Нартæ ныккалдысты æмæ хуыссынц æстонгæй (НК). – «Нарты свалились и лежат голодными»; Сайнæг-æлдар лæдзæг фелвæста æмæ йын дзы дыууæ ныххафта, лæппу кæугæ скодта, лидзгæ нæ акодта (НК). – «Сайнаг-алдар схватил палку и отвесил (в знач. «ударил») ему пару, мальчик заплакал, не убежал».
Здесь в обоих случаях глаголы использованы в переносном значении и транслируют отличные от исходной семантики смыслы. Так, лексема калын в исходном своем значении является номинацией действий «лить», «проливать», «сыпать» [18; 18], так же как и глагол хафын передает значение «скоблить», «тереть», «строгать» [18; 18]. В более широкой семантике калын – «валить», «рушить», «валить на землю» [20, 569], ахафын – «истреблять», «уничтожать» [18].
Как видим, несмотря на широту семантического диапазона, все же не всегда предусматриваются все случаи употребления слов и отражаются в лексикографическом описании. Несомненно, причиной этому становится возникновение переносных смыслов, появление которых не всегда представляется возможным отследить. Вместе с тем, нельзя утверждать, что в представленных вариантах употребления мы сталкиваемся с непривычными для восприятия семантическими компонентами, поскольку понимание их семантики не вызывает никаких затруднений. При контекстном употреблении актуализируется один из нескольких семантических компонентов слова, и благодаря метафоризации, возникающей при взаимодействии с соседними лексическими единицами, появляются и со временем закрепляются в языке новые смысловые оттенки слова. Аффиксальное словоизменение при этом активно способствует достижению прагматических целей, поставленных перед коммуникантами. В частности, глагольные превербы используются не только для обозначения направления действия, движения, но для усиления интенсивности этого действия и придания динамичности сообщаемому процессу. В максимальной степени эта динамичность проявляется в словах, собственная семантика которых изначально экспрессивна.
Очевидно, что образ, лежащий в основе большинства обнаруживаемых смысловых оттенков, всегда в той или иной степени присутствует в слове и нередко является основанием для нового контекстного варианта использования. К примеру, лексемы айхæлын «развязаться», «разрушиться, развалиться», аивылын «разлиться, растечься» с добавочным смысловым наполнением внезапности или замедленности действия обнаруживают интересные формы контекстного употребления.

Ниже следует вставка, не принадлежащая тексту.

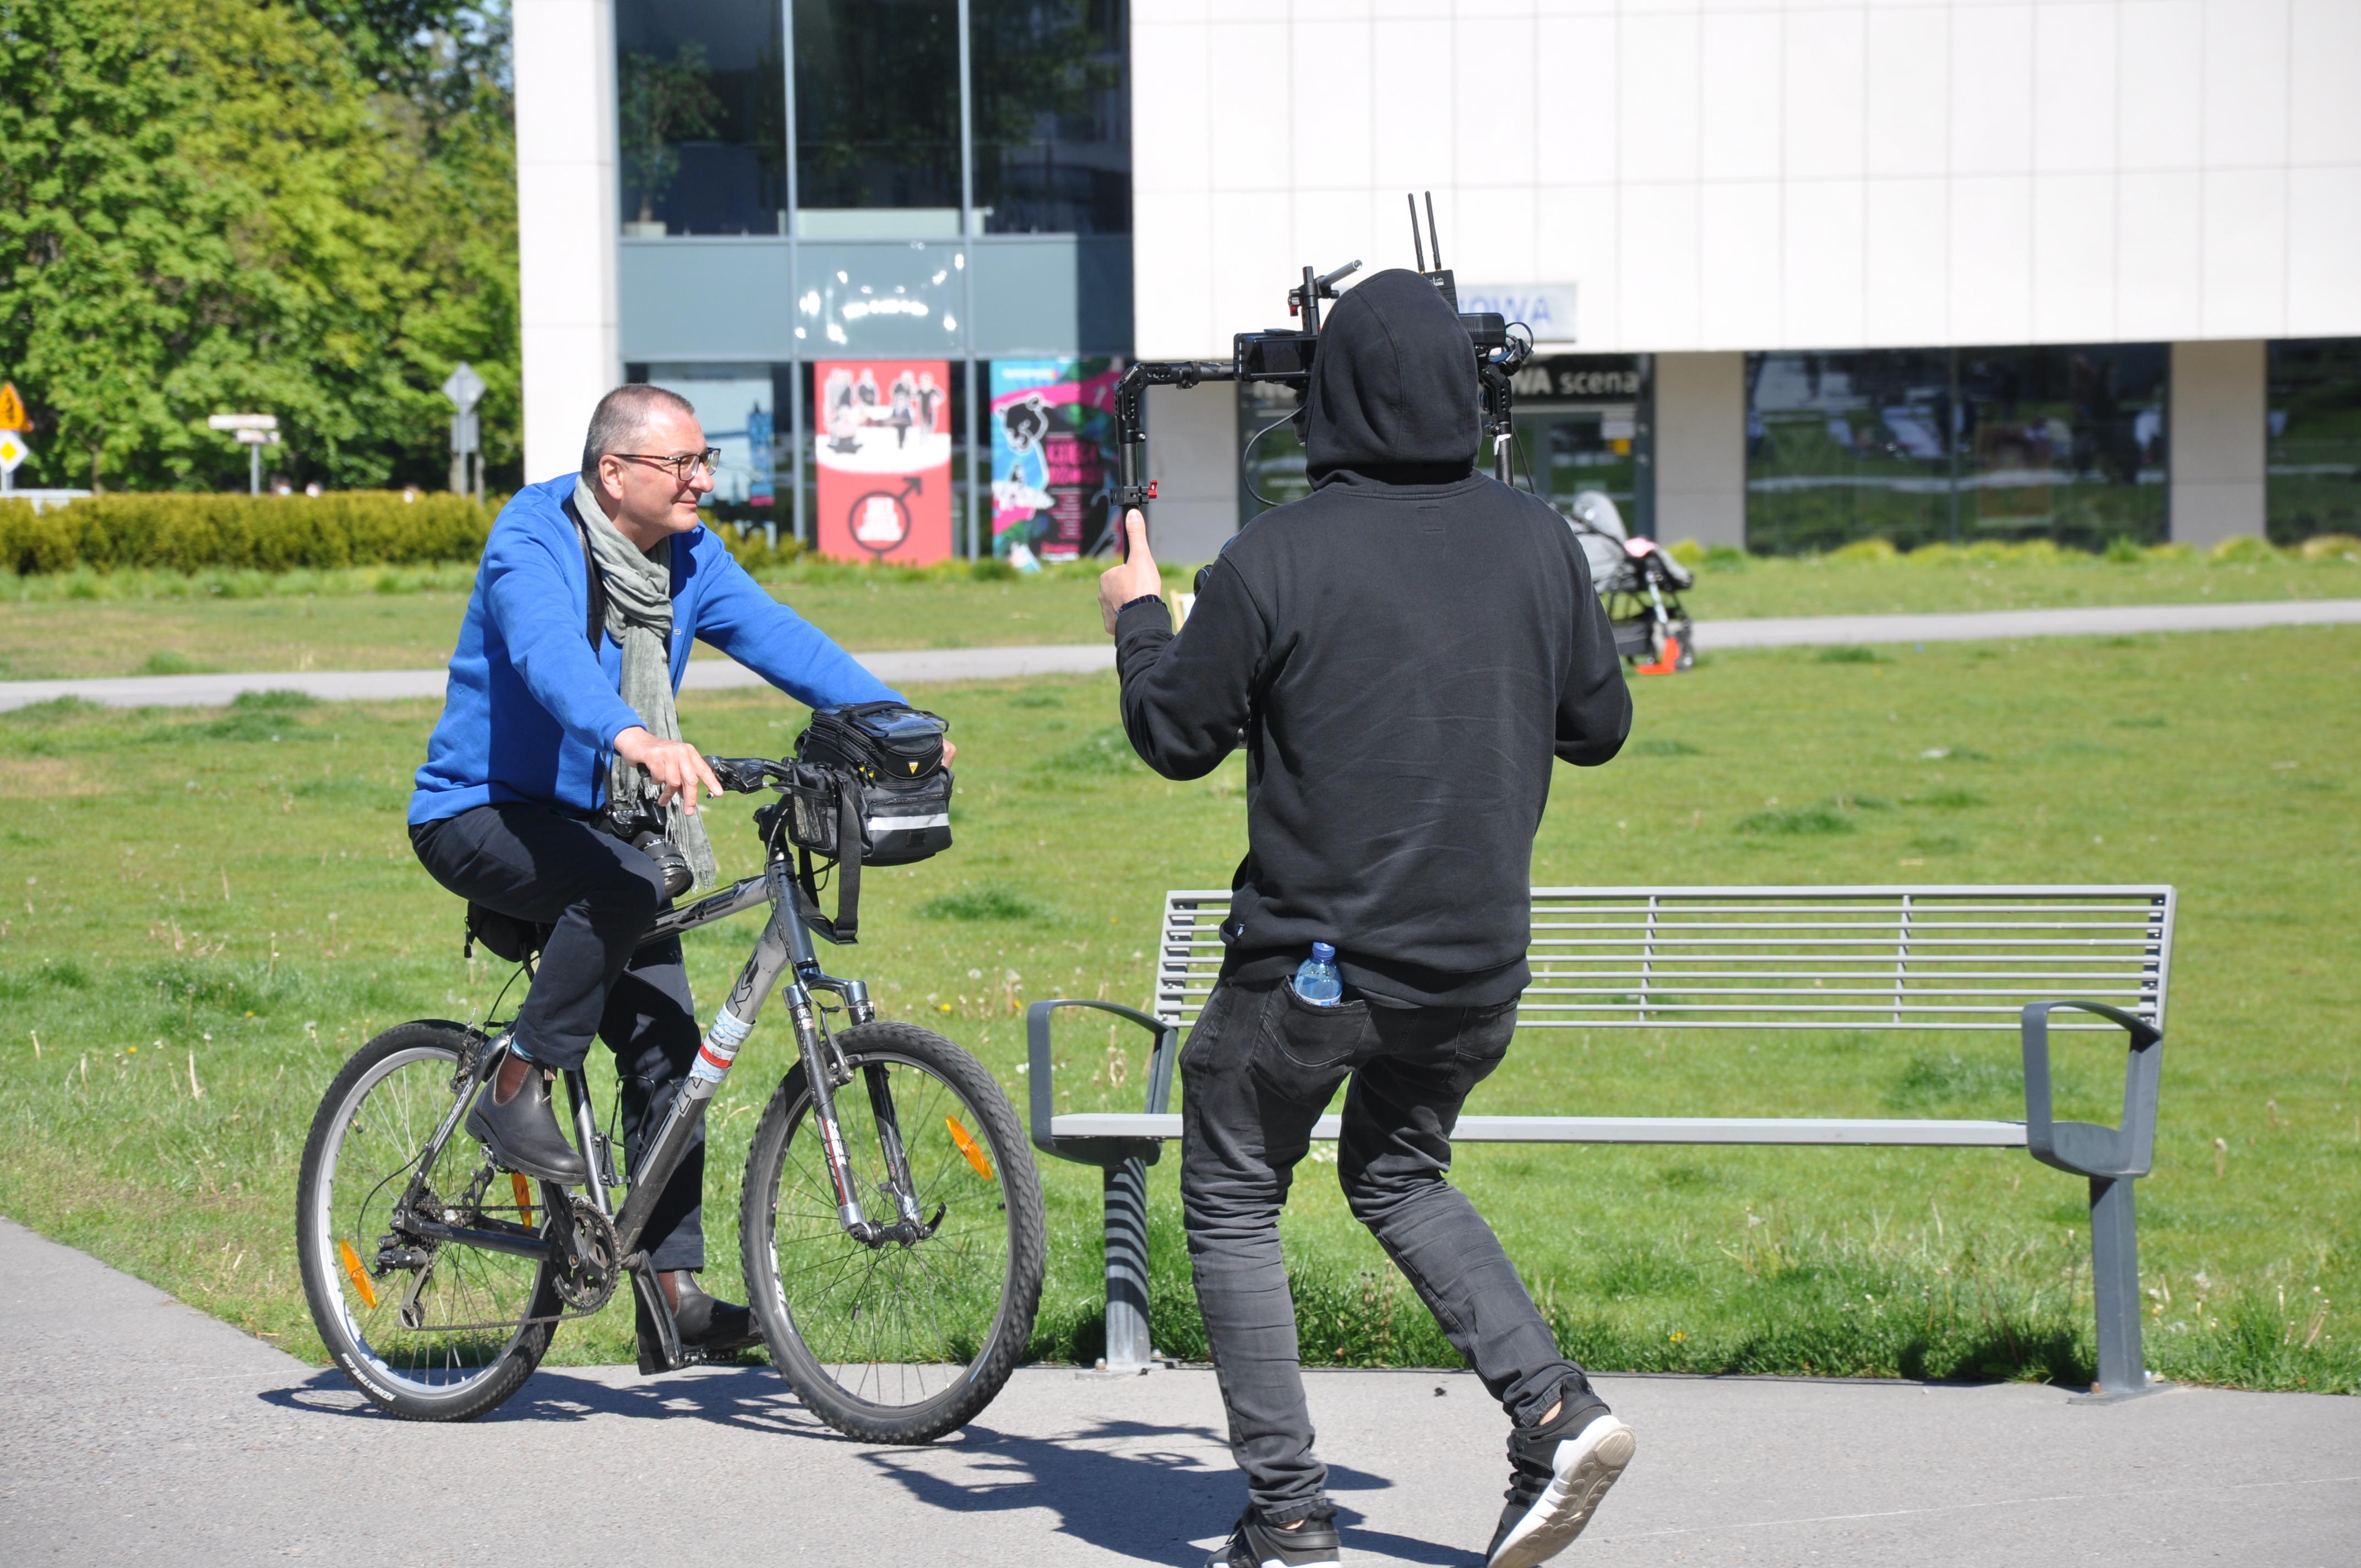 Kamera, akcja! Jerzy Majewski na Placu Grunwaldzkim, fot. Magda Śliżewska

Æмбырд айхæлди, уæдæ цы уыдаид (НК). – «Собрание (внезапно) развалилось, а как же иначе»; Стæй, адæм куы аивылдысты, сæхуыддæг иунæгæй куы æрызадысты, уæд дзуры Уырызмæгмæ…» (НК) – «Потом, когда люди растеклись (в знач. «разошлись»), когда (они) остались сами наедине, то Урузмагу говорит…»
Создание таких образов неслучайно, поскольку исходная семантика слова всегда доминирует над приобретенными смыслами и усиливает создаваемый образ. В этом отношении очень интересны варианты контекстного употребления сложных глаголов, состоящих из именной и глагольной частей.
В осетинской грамматике именная часть сложного глагола может быть представлена именными частями речи, наречиями, частицами, междометиями, а также десемантизированными лексическими образованиями [21, 152]. Глагольная же часть выражается в основном при помощи слов кæнын «делать», грамматическими формами уæвын «быть» и ласын «тащить, везти». Имея самостоятельное смысловое значение, эти глаголы в составе сложных глагольных образований выполняют исключительно грамматическую функцию, тогда как их именная часть несет на себе смысловую нагрузку. Причем глагол ласын в качестве грамматической части используется, как правило, для передачи интенсивности, внезапности и силы совершаемого действия.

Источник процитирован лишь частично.